When AnyFilter, elements that meet any of the filters in the list are kept (i.e. meet any of the filters is enough to be in the output).

print('Numbers greater than 5 or divisible by two:')
print(AnyFilter([
    LambdaFilter(lambda x: x > 5),
    LambdaFilter(lambda x: x % 2 == 0)
]).apply(example))  # [2, 4, 6, 7, 8, 9, 10]

🧩 Predefined String Filters

The pfylter.strings module provides ready-to-use filters for common string operations:

  • LenFilter(length): keeps strings of a given length.
  • StartsWithFilter(prefix): keeps strings that start with a prefix.
  • ContainsFilter(substring): keeps strings that contain a substring.

Starting with a list of strings, here we have some uses of these basic filters.

from pfylter.strings import LenFilter, StartsWithFilter, ContainsFilter, NotFilter
from pfylter.core import AllFilters, AnyFilter

example = ['A', 'ABCD', 'B', 'BCDE', 'C', 'AAAAAAA']

print('Strings containing "BC":')
print(ContainsFilter('BC').apply(example))

print('Strings with length one:')
print(LenFilter(1).apply(example))

print('Strings with length different than one:')
print(NotFilter(LenFilter(1)).apply(example))

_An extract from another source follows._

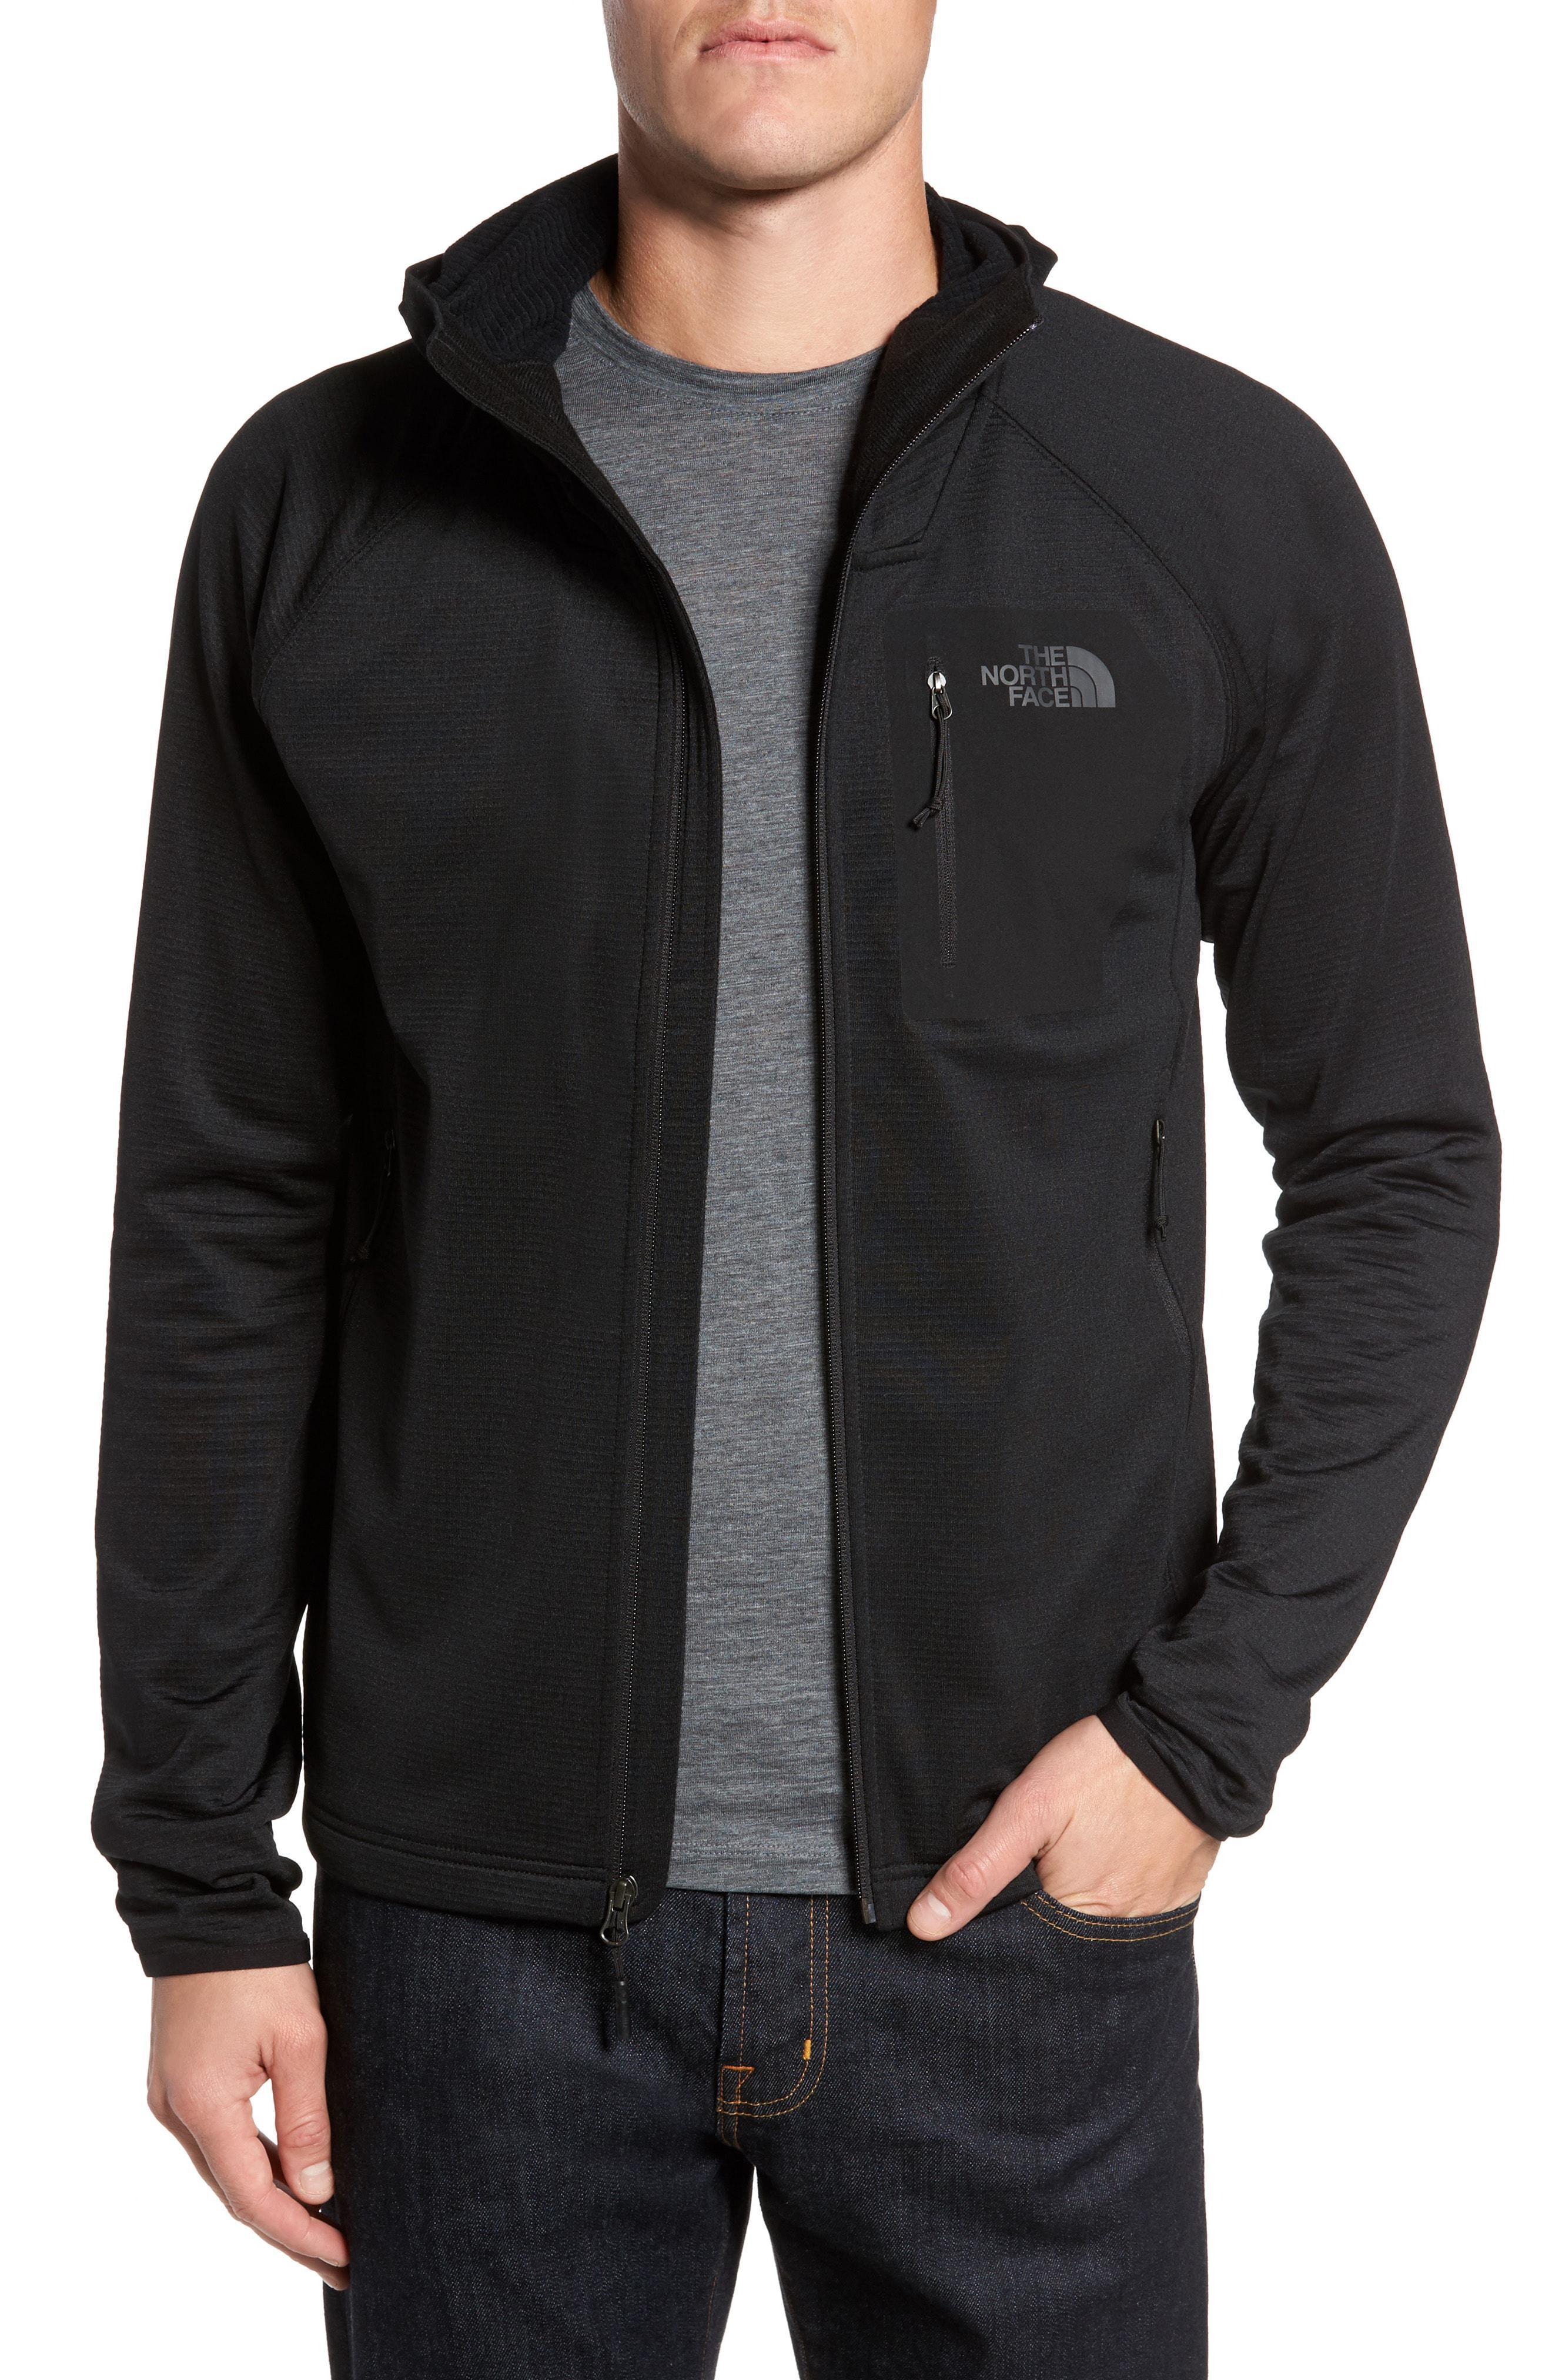 Lyst - The North Face Borod Zip Fleece Jacket in Green for Men 6e6771e82

print('Strings with length four and starting with "A":')
print(AllFilters([LenFilter(4), StartsWithFilter('A')]).apply(example))  

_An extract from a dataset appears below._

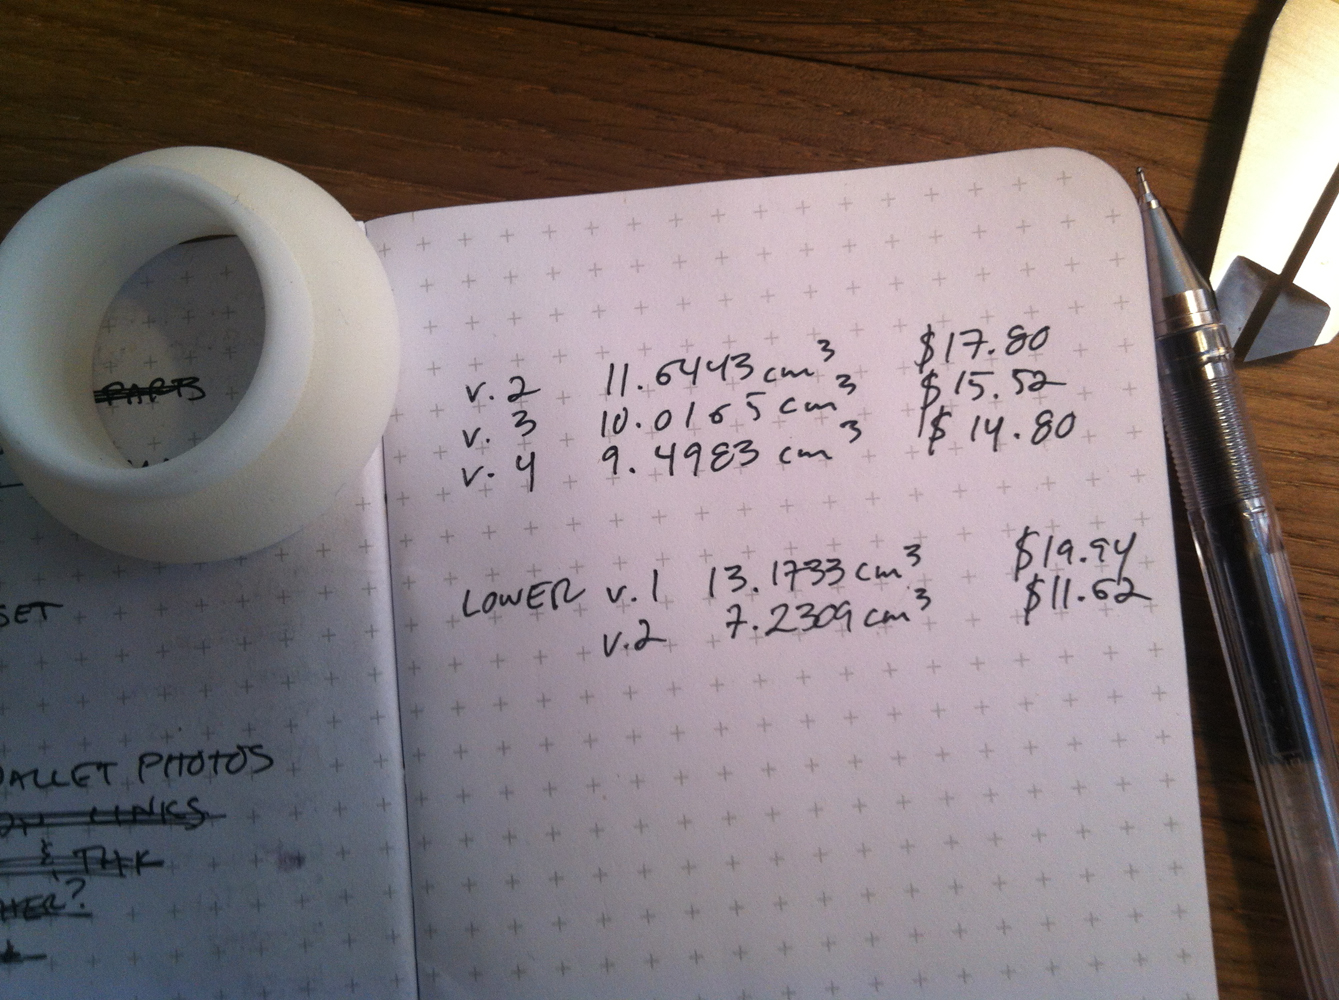 Shapeways' volume/price breakdown.

print('Strings with length four or starting with "A":')
print(AnyFilter([LenFilter(4), StartsWithFilter('A')]).apply(example))

More complex filters can be created creating an AnyFilter with two AllFilters objects to output all strings that either have length four and start with "A" or have length one and start with "B".

print('Strings with length four and starting with "A" or length one and starting with "B":')
print(AnyFilter([
    AllFilters([LenFilter(4), StartsWithFilter('A')]),
    AllFilters([LenFilter(1), StartsWithFilter('B')])
]).apply(example))  # ['ABCD', 'B']

Finally, the NotFilter can be combined with AllFilters or AnyFilter to create exclusion filters. These two examples are equivalent and allow excluding strings that contain "BC" (this excludes "ABCD" and "BCDE") or have length 1 (this excludes "A", "B, and "C").

print('Exclude any string that includes BC or has length 1 (using AllFilters):')
print(AllFilters([NotFilter(LenFilter(1)), NotFilter(ContainsFilter('BC'))]).apply(example))  # ['AAAAAAA']

print('Exclude any string that includes BC or has length 1 (using AnyFilter):')
print(NotFilter(AnyFilter([ContainsFilter('BC'), LenFilter(1)])).apply(example))  # ['AAAAAAA']

🛠 Creating Custom Filters

You can define custom filters by inheriting from AbstractFilter:

from pfylter import AbstractFilter

class GreaterThanFilter(AbstractFilter[int]):
    def __init__(self, threshold: int):
        self.threshold = threshold

    def keep(self, instance: int) -> bool:
        return instance > self.threshold

Now you can use this filter in combination with others!


📝 License

MIT License — see LICENSE file for details.


🤝 Contributing

Feel free to open issues or pull requests. All feedback is welcome!

Project details


Download files

Download the file for your platform. If you're not sure which to choose, learn more about installing packages.

Source Distribution

pfylter-0.2.1.tar.gz (5.0 kB view details)

Uploaded Source

Built Distribution

If you're not sure about the file name format, learn more about wheel file names.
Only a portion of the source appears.